China Q1 gold demand hits record, bucks global fall- WGC
China's gold demand hit a record high in the first quarter on investor worries over inflation and property market curbs, the World Gold Council said on Thursday, bucking a lower trend in global consumption driven by higher gold prices.
Global gold demand fell 5 percent on the year to 1,097.6 tonnes in the first three months of 2012, as jewellery and technology sectors bought less gold with average prices up 22 percent from a year earlier, but investment demand and central bank buying helped cushion the fall, the industry group said.
China remained the world's top gold consumer for the second quarter in a row, with its gold consumer demand up 10 percent to 255.2 tonnes, beating India's 207.6 tonnes, which was a 29 percent decline on the year.
"Further growth is expected (in China): investors remain wary of high inflation rates; and property market restrictions continue to drive demand for gold among investors seeking access to real assets," said the WGC in its quarterly Gold Demand Trends report.
China's physical gold bars and coins demand rose 13 percent on the year to a quarterly record of 98.6 tonnes, while jewellery demand climbed 8 percent to 156.6 tonnes and accounted for 30 percent of the world's gold jewellery market, the WGC data showed.

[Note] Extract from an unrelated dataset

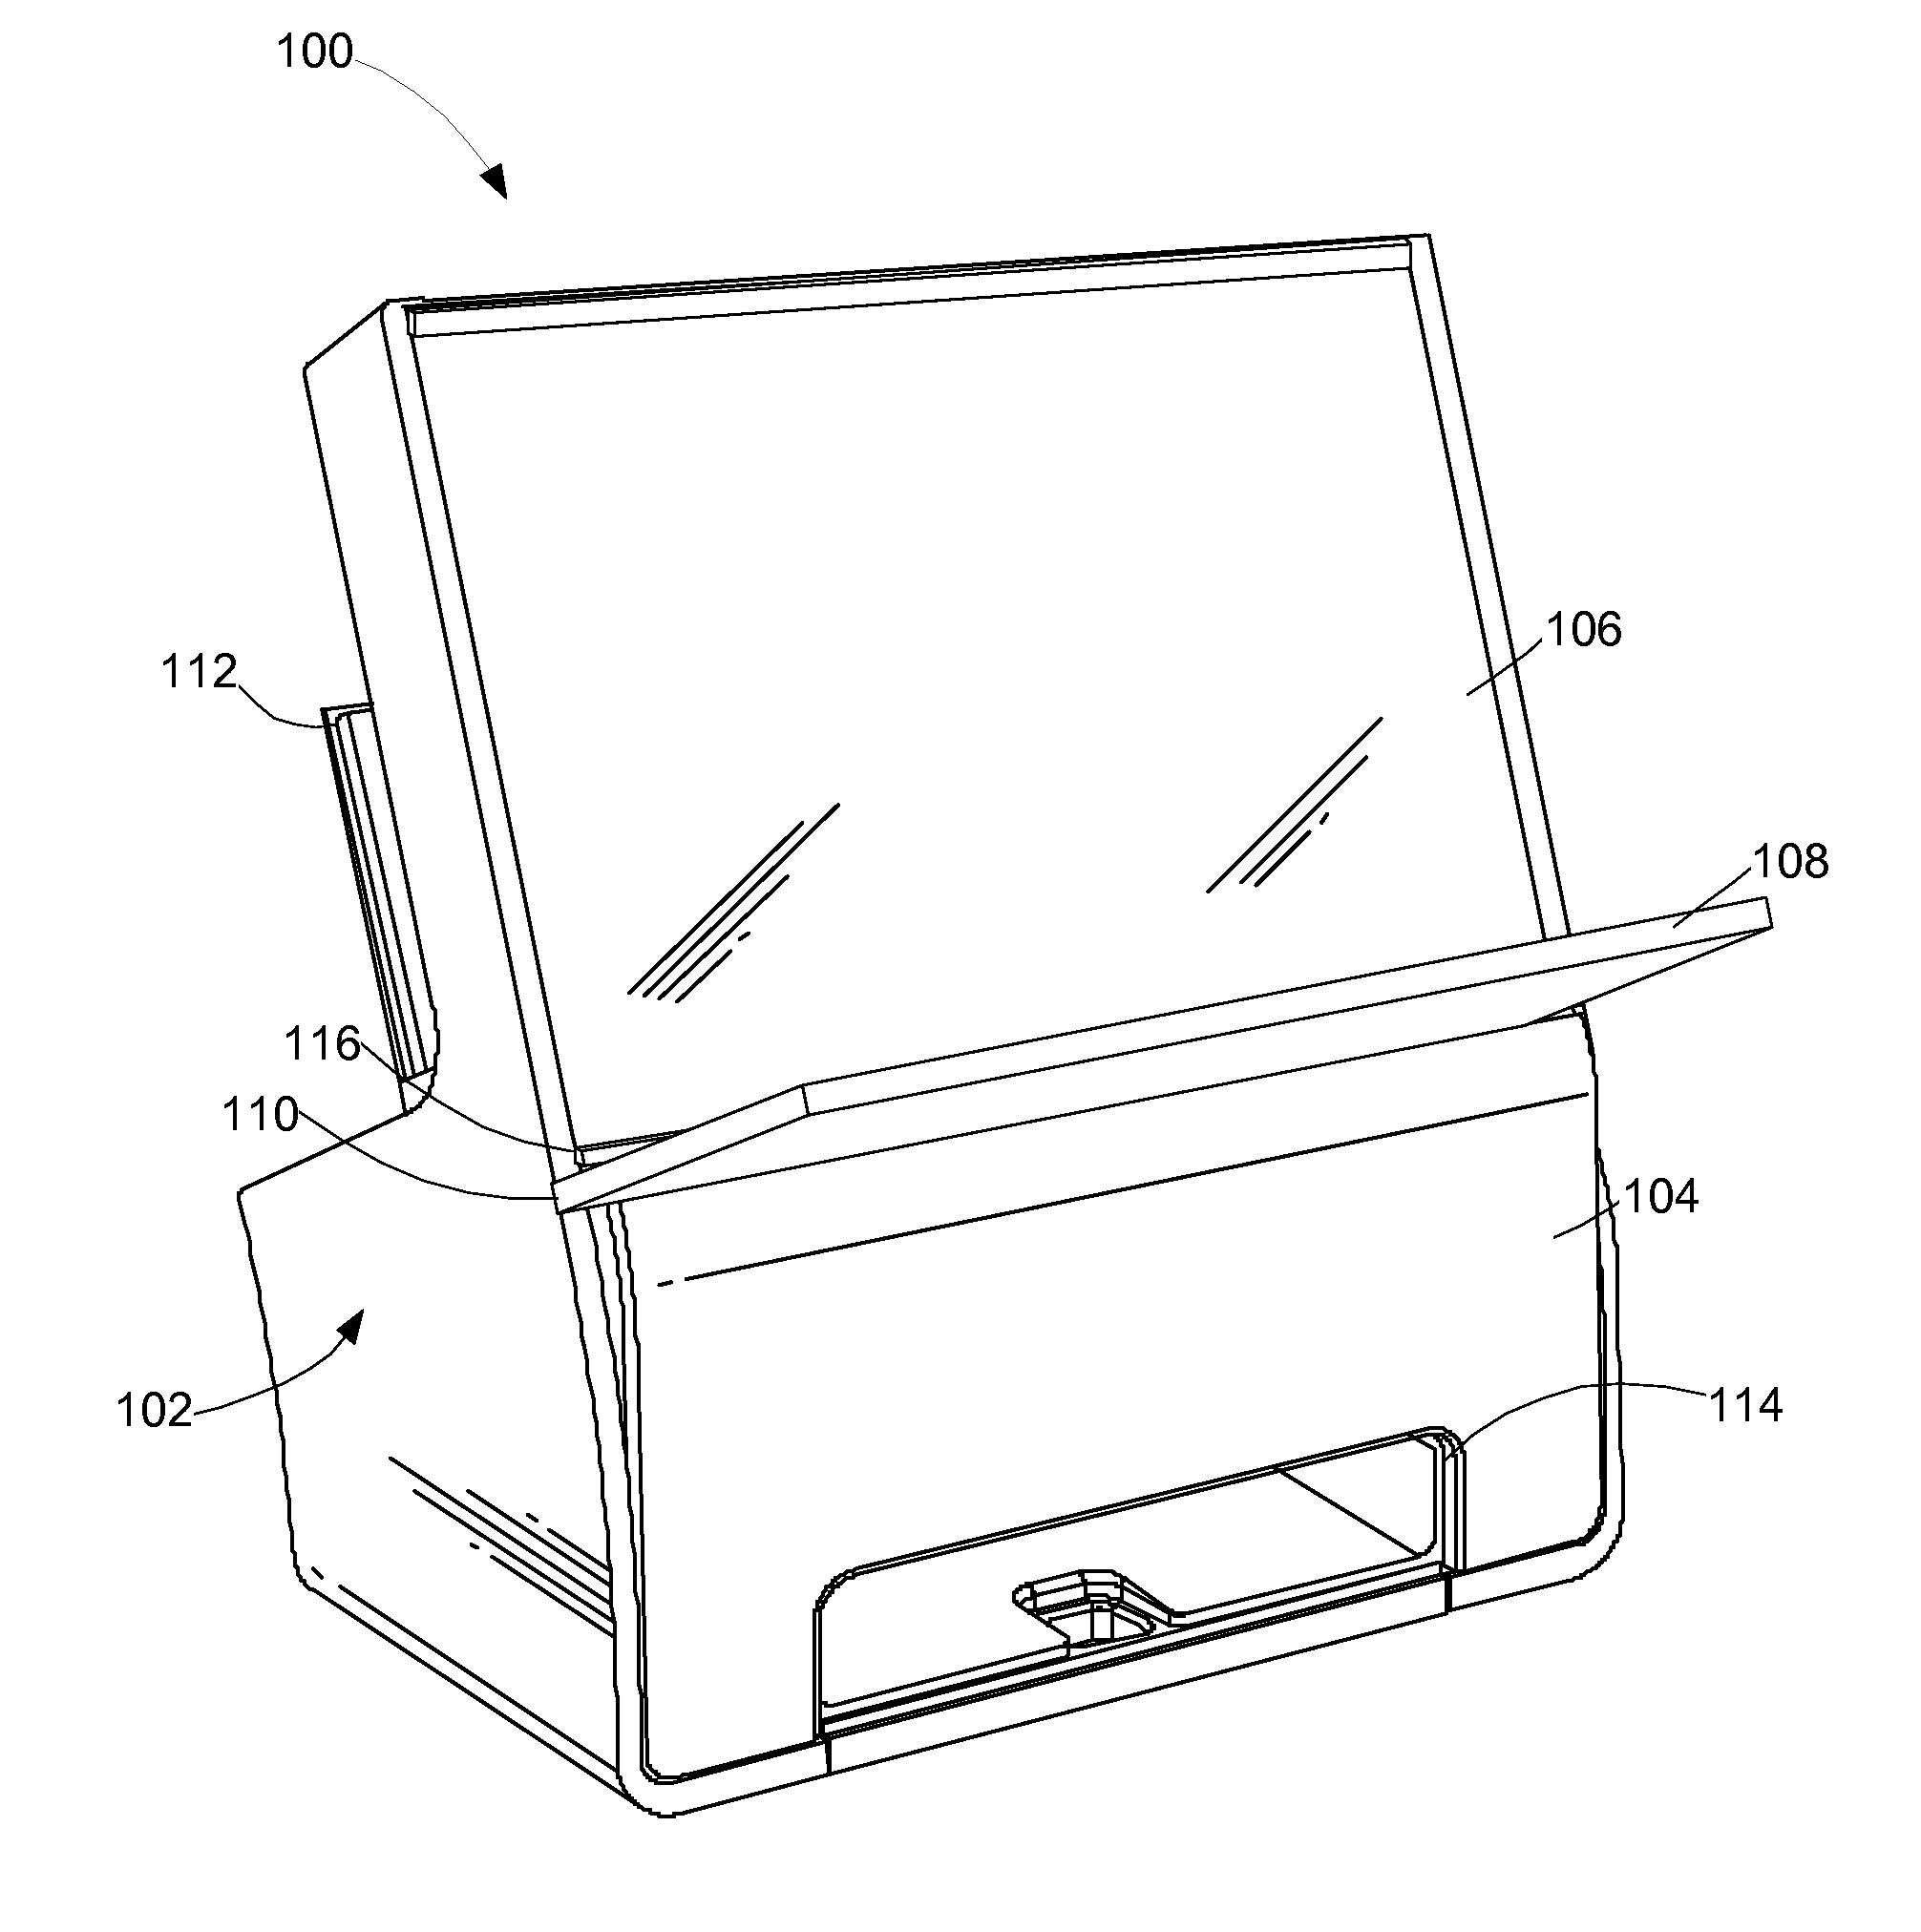 Method and System for Performing an Imaging Function by an Imaging Device
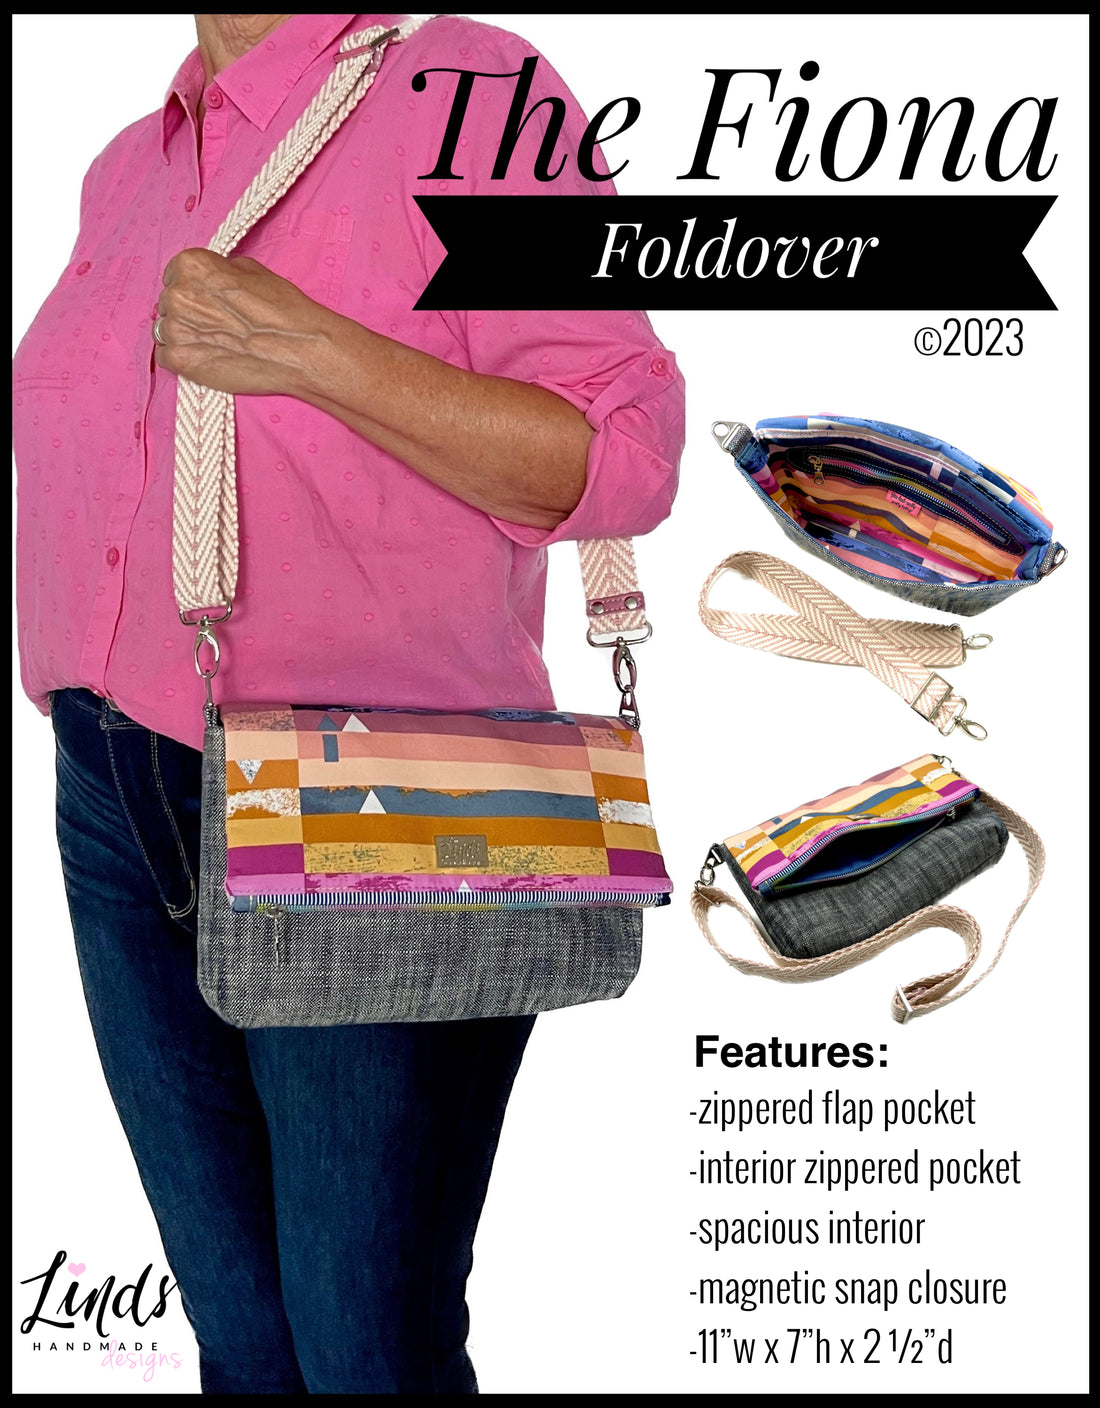 Fiona's Freeway PDF Pattern - Bag Sewing Patterns by ChrisW Designs

The WGC said investment demand in China going forward will depend on price expectations, and the performance of other assets such as property and the domestic stock market, but inflation will continue to be a concern to investors.
The country's gold jewellery demand is likely to remain on a more moderate growth path as the market matures and economic growth cools, it said. Spot gold averaged $1,690 an ounce in the first quarter, up from $1,387 a year earlier. Prices have declined to below $1,550 this week.